Less than two weeks after the desecration and destruction of a Chaldean cemetery in the town of Armota, in the Koy Sanjaq (Koya) district on 6 December 2025, another incident has occurred. In the Armota case, the perpetrators were neither arrested nor seriously pursued by authorities, despite official pledges made under the banner of peaceful coexistence and communal harmony.
This time, the town of Shaqlawa, which has a Assyrian majority, was targeted. Approximately 40 graves in the town's cemetery were smashed open, vandalized, and desecrated.
The repeated attacks point to troubling possibilities. Either the authorities are failing in their duty to protect sacred sites, or there are deliberate efforts to intimidate Christians and alter the area's demographic composition. In any state that claims even basic adherence to democratic norms, pluralism, and human rights, the Armota attack alone would have been sufficient to prompt heightened security measures around cemeteries and other holy sites. At a minimum, it would have triggered accountability at the highest levels.
Instead, authorities in the Kurdistan Region imposed a media blackout, barring outlets from covering the circumstances or consequences of the crime. Several sources said the move was intended to prevent the incident from becoming a matter of public opinion, which would puncture the image of human rights and democracy that the regional government promotes.
Other sources attributed the blackout to the horrific nature of the scene and to respect for grieving families. Some of the desecrated graves reportedly belonged to people who had died only recently, and whose bodies were allegedly subjected to abuse.
Joseph Sliwa, head of the Beth Nahrain Patriotic Union (Huyodo d'Bethnahrin Athroyo, HBA), said in a Facebook post that the ban on filming was imposed to prevent images of the vandalized graves from circulating.
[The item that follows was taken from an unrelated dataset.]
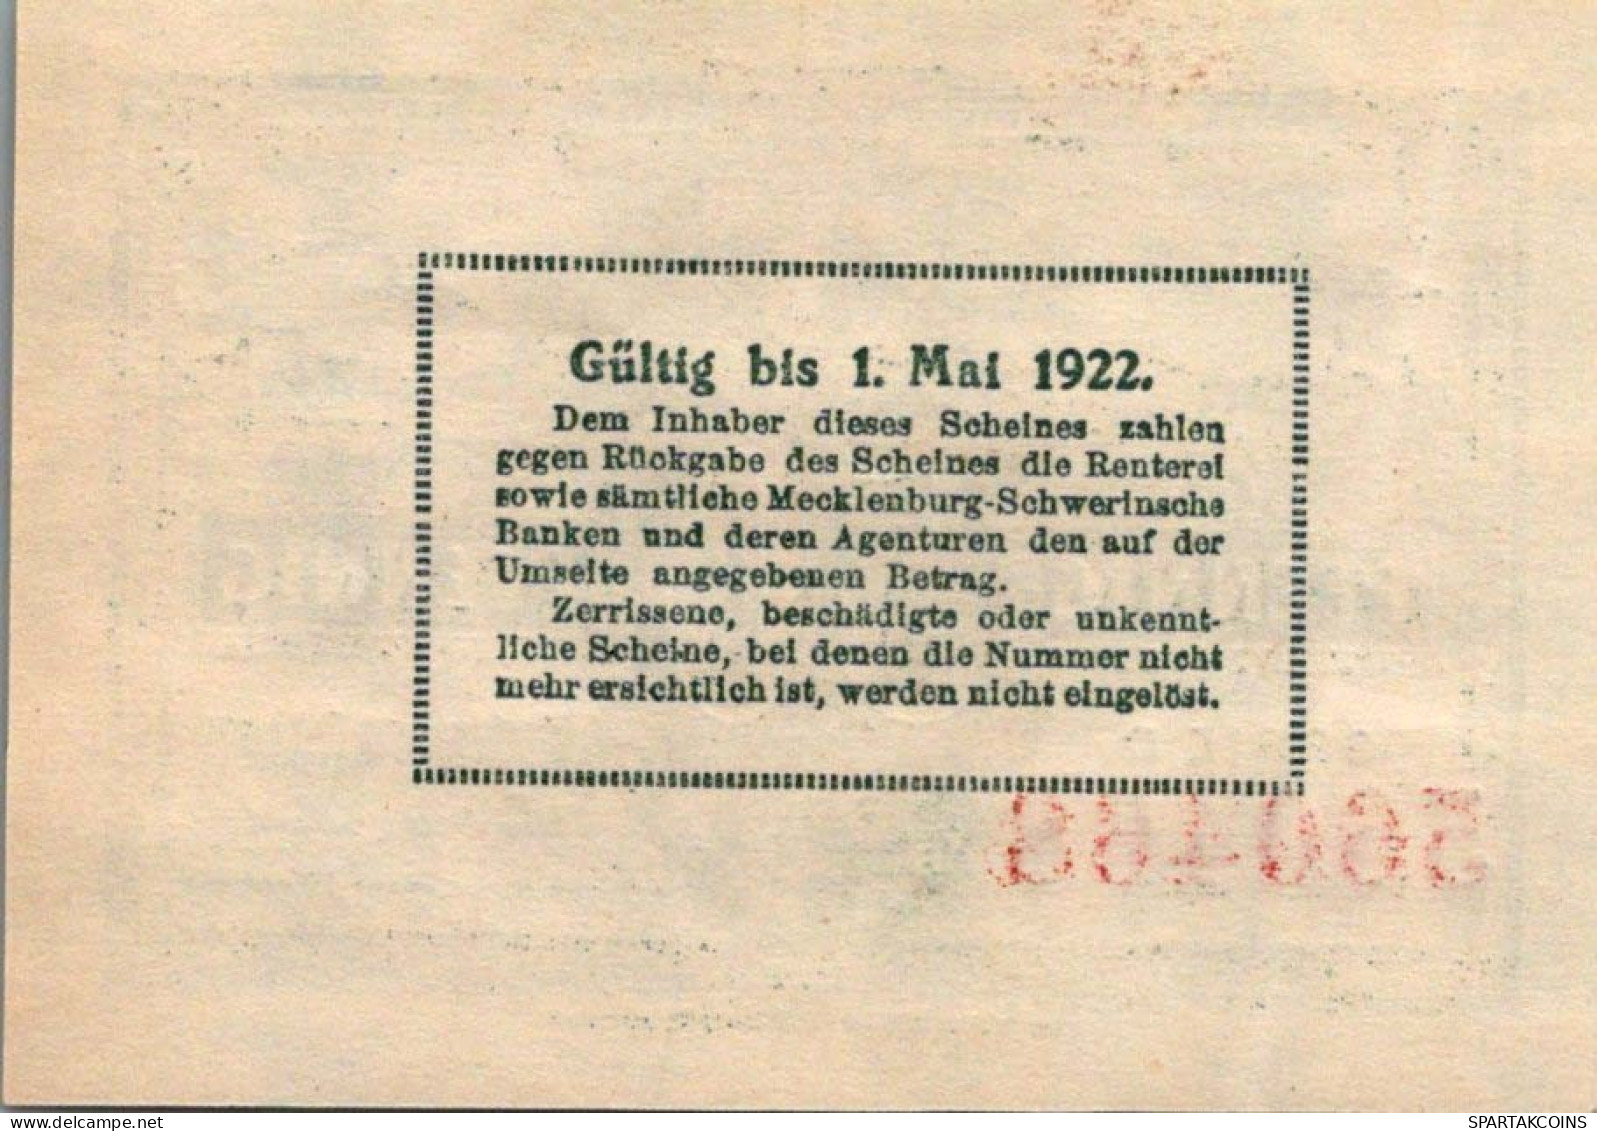 50 PFENNIG 1922 MECKLENBURG-SCHWERIN Mecklenburg-Schwerin UNC DEUTSCHLAND #PI739 - Lokale Ausgaben
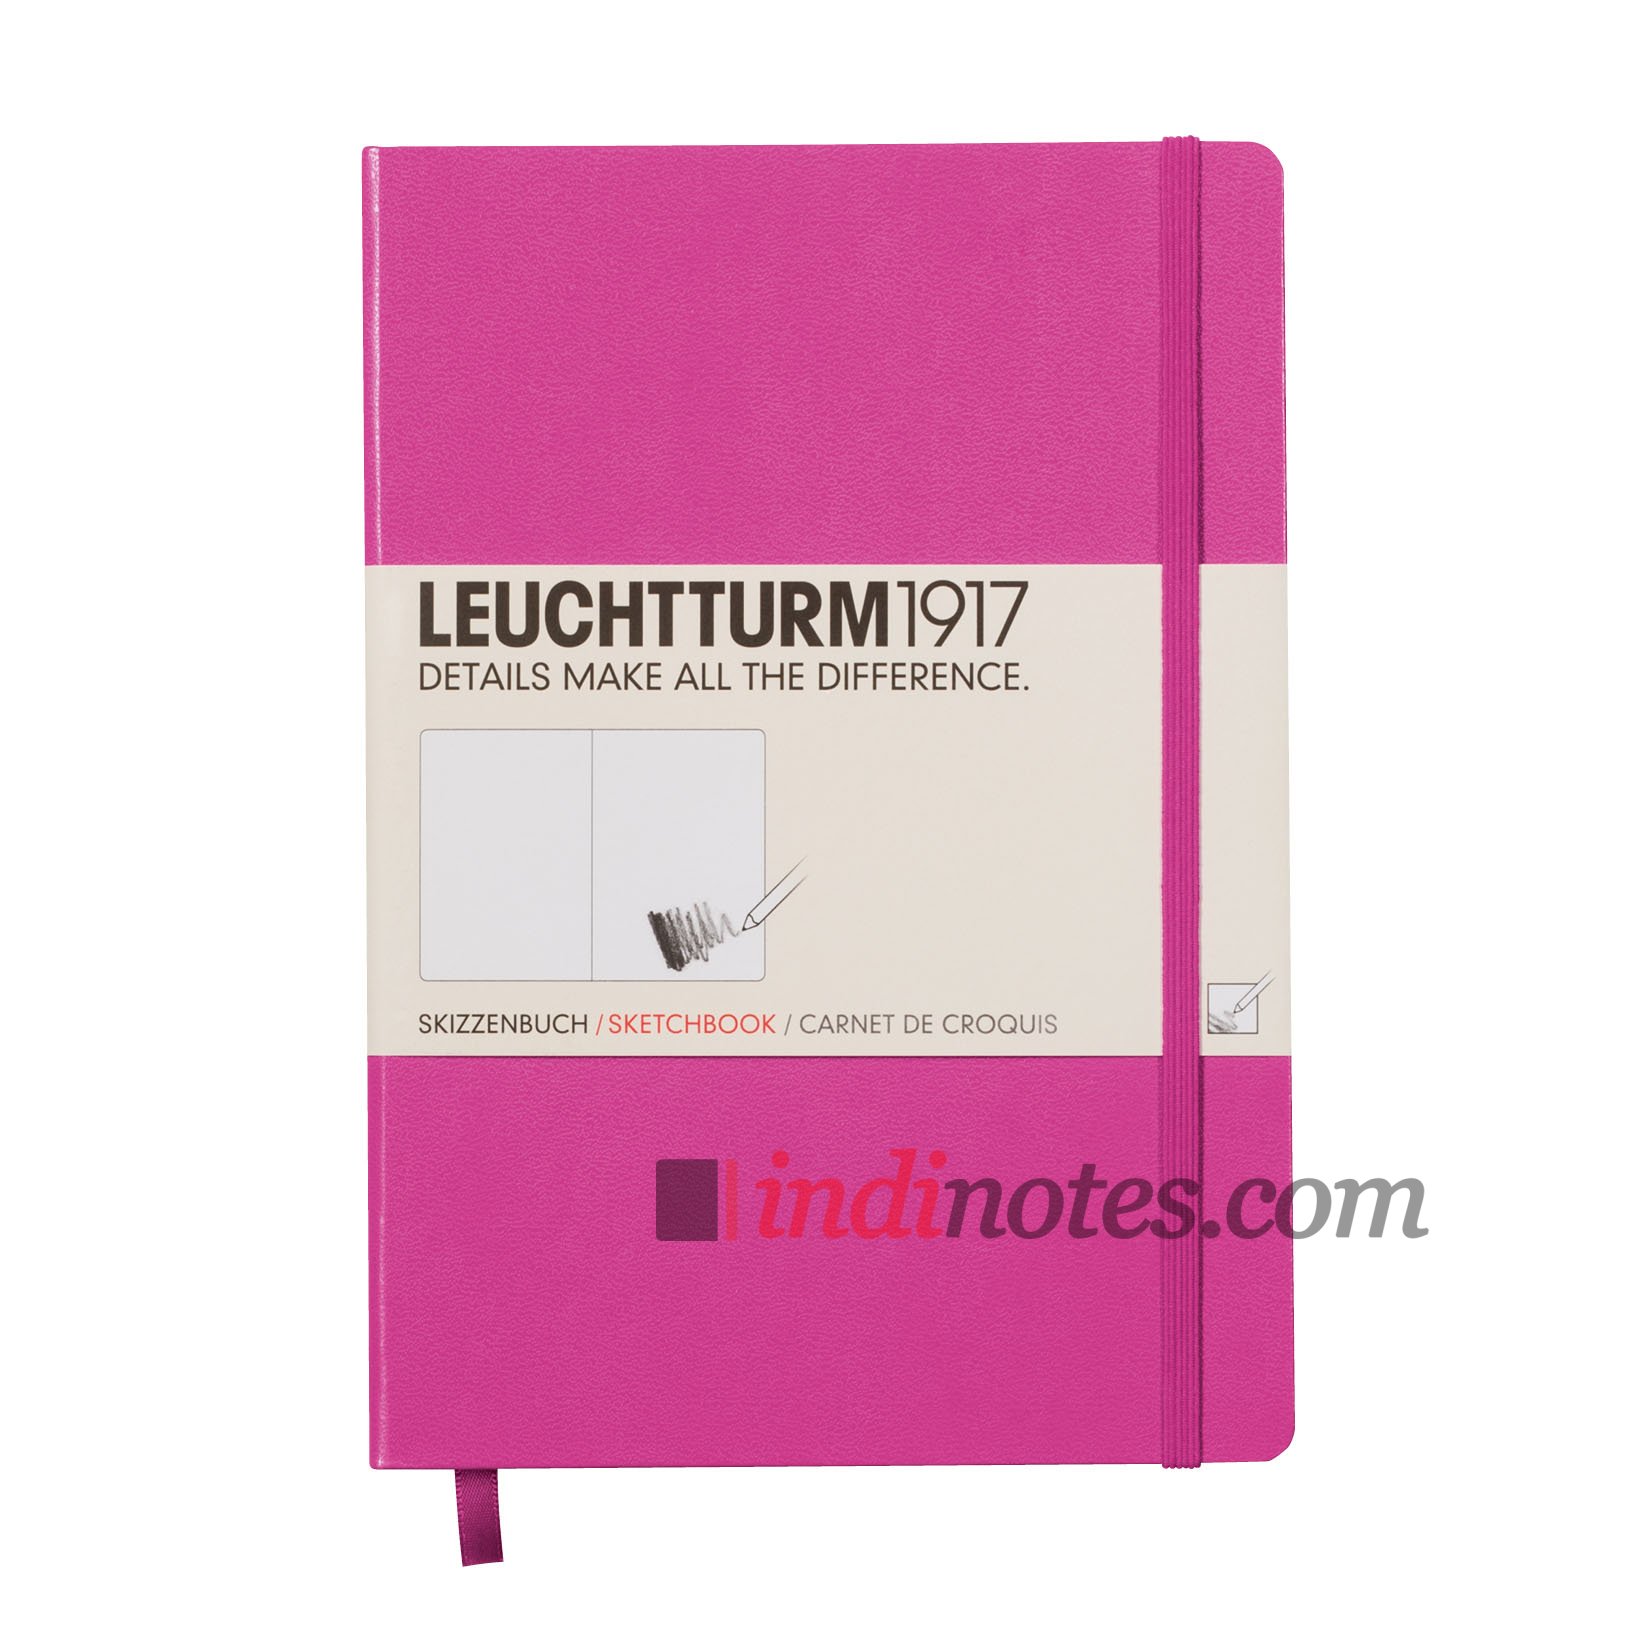 Купить Скетчбук, альбом для рисования Leuchtturm1917 Sketchbook Pink  (розовая обложка, формат А5) в магазине indinotes

This, he argued, would make it easier for priests and bishops affiliated with the authorities to deny the incident, ensuring it did not gain public or media traction. Such exposure, he wrote, would have harmed the carefully curated reputation that authorities in Arba?ilo (Erbil) market internationally.
Sliwa added that a second explanation, which he described as unconfirmed, was that the bodies of the recently deceased had been removed from their graves, abused, and left exposed.
He further noted that these events formed part of a pattern. Within less than two weeks, Christian graves were vandalized in Armota, a church was attacked in Nohadra (Duhok), and cemeteries were desecrated in Shaqlawa. He pointed out that similar incidents recur year after year, yet not a single perpetrator has been publicly tried or punished, a failure he said undermines any claim of equality or justice.
Concluding in a sharply sarcastic tone, Sliwa remarked that he could not understand why the world had failed to benefit from the region's supposed model of security and coexistence, describing it instead as an experience of chaos and illusion rather than genuine peace.